24/02/2026
Polling the Willow, Osier Cutting and Peeling — rural work for men and women
H. R. Robertson (1875). The industrial uses of the willow, including its close relatives, the sallow and osier, were described in detail by the venerable John Evelyn. He noted that “all kinds of basket-work,” for which even early Britons were admired in ancient Rome, were made from willow.
The wood, he wrote, was used for pill-boxes, cart saddle-trees, gun-stocks, and half-pikes; for harrows, shoemakers’ lasts, heels, and clogs; and for forks, rake teeth, perches, rafters, ladders, hop poles, and bean stakes.
It also served to make hurdles, sieves, lattices, platters, small casks, pales, baskets, trays, trenchers, and boards for sharpening table knives. Evelyn even mentioned its use by painters for “scriblets”, which may have referred to charcoal used for sketching, still best made from willow wood today.
Willow has long been prized wherever water meets work. It has been used for the floats of paddle-steamers and the shrouds of water-wheels, and was once the preferred material for gunpowder charcoal until supplies became scarce.

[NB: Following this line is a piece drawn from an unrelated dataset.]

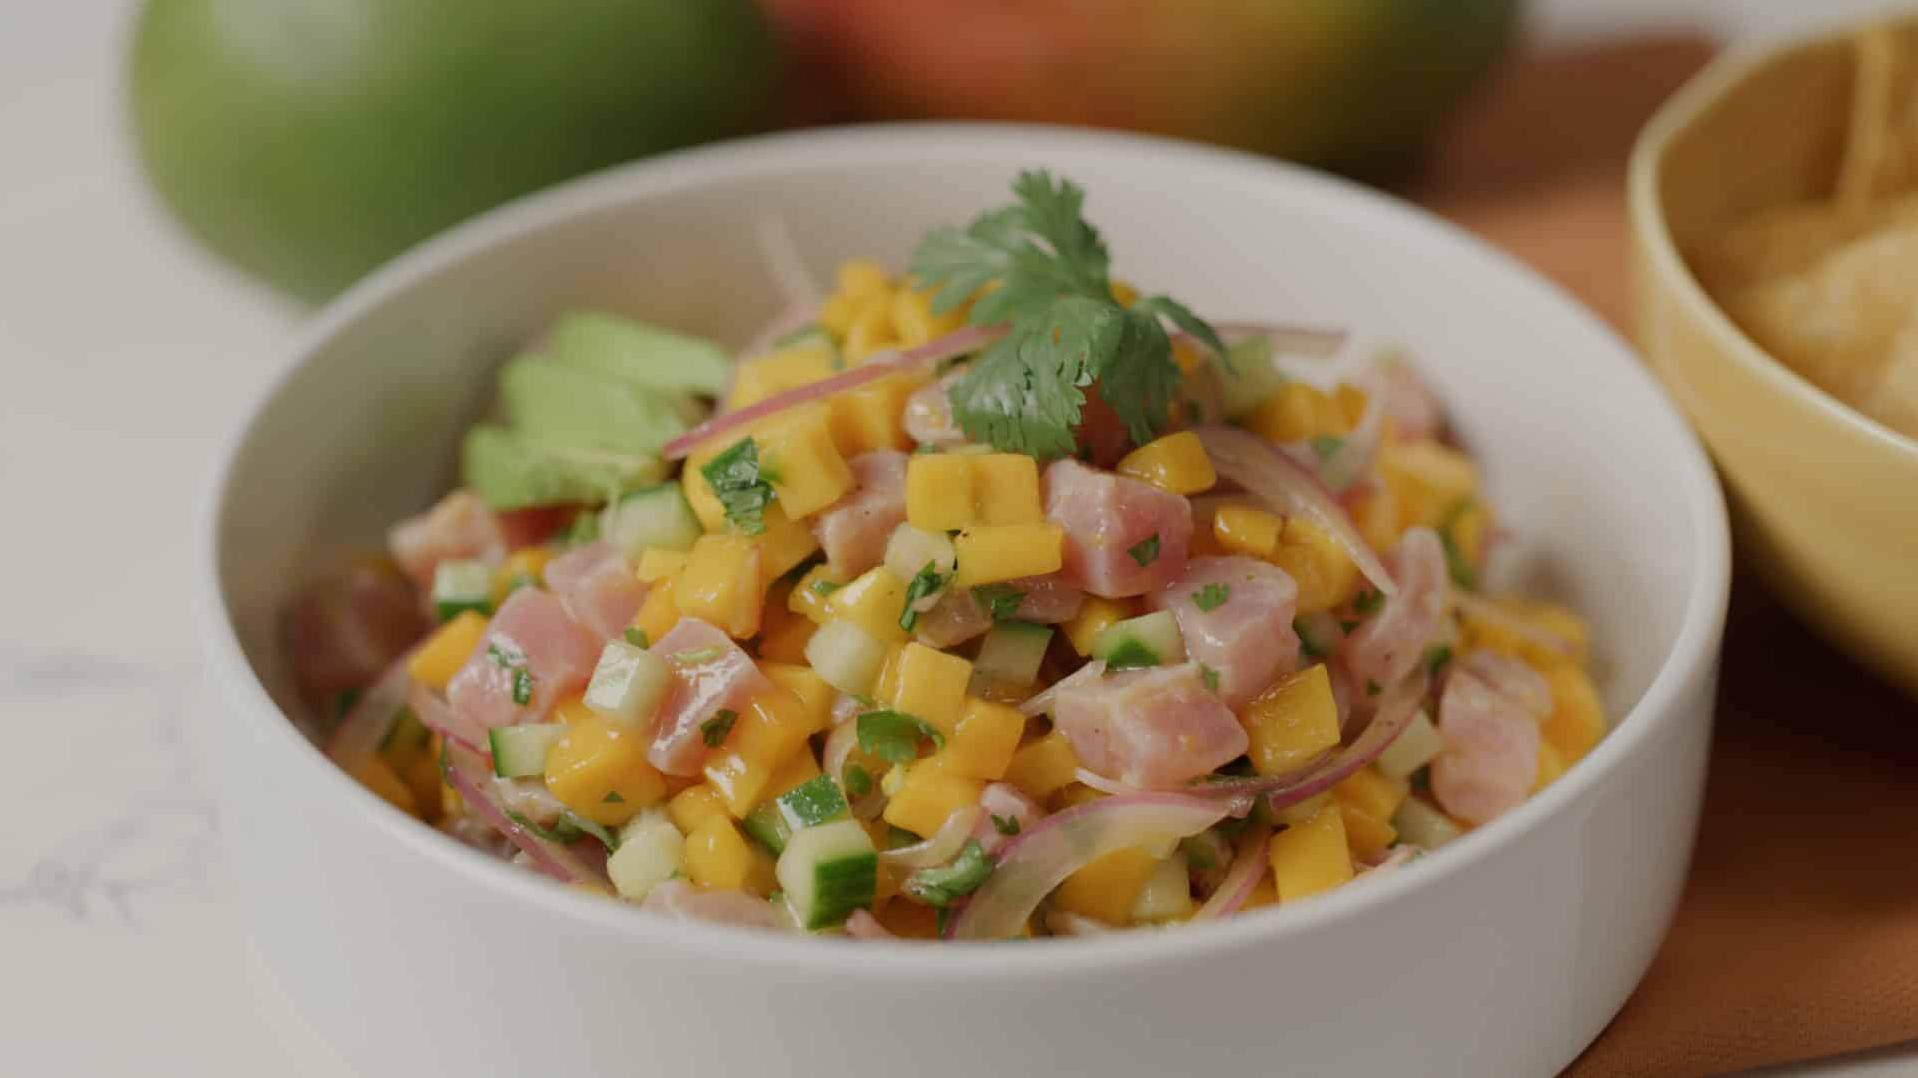  This ceviche is packed with protein and vitamins, making it a healthy meal option.

Beyond industry, the willow provides many natural benefits: it stabilises riverbanks, offers nectar for bees, yields clean-burning firewood, drains marshy soils, and feeds cattle with its leaves. Its bark, containing salicin, supplies a remedy for fever and ague, ailments common in the damp regions where willows thrive.
Both the bark and leaves are astringent, and the bark of many species can be used for tanning leather. In Norway and Russia, tanners have long preferred willow to oak, a practice said to contribute to the distinctive quality of Russian leather.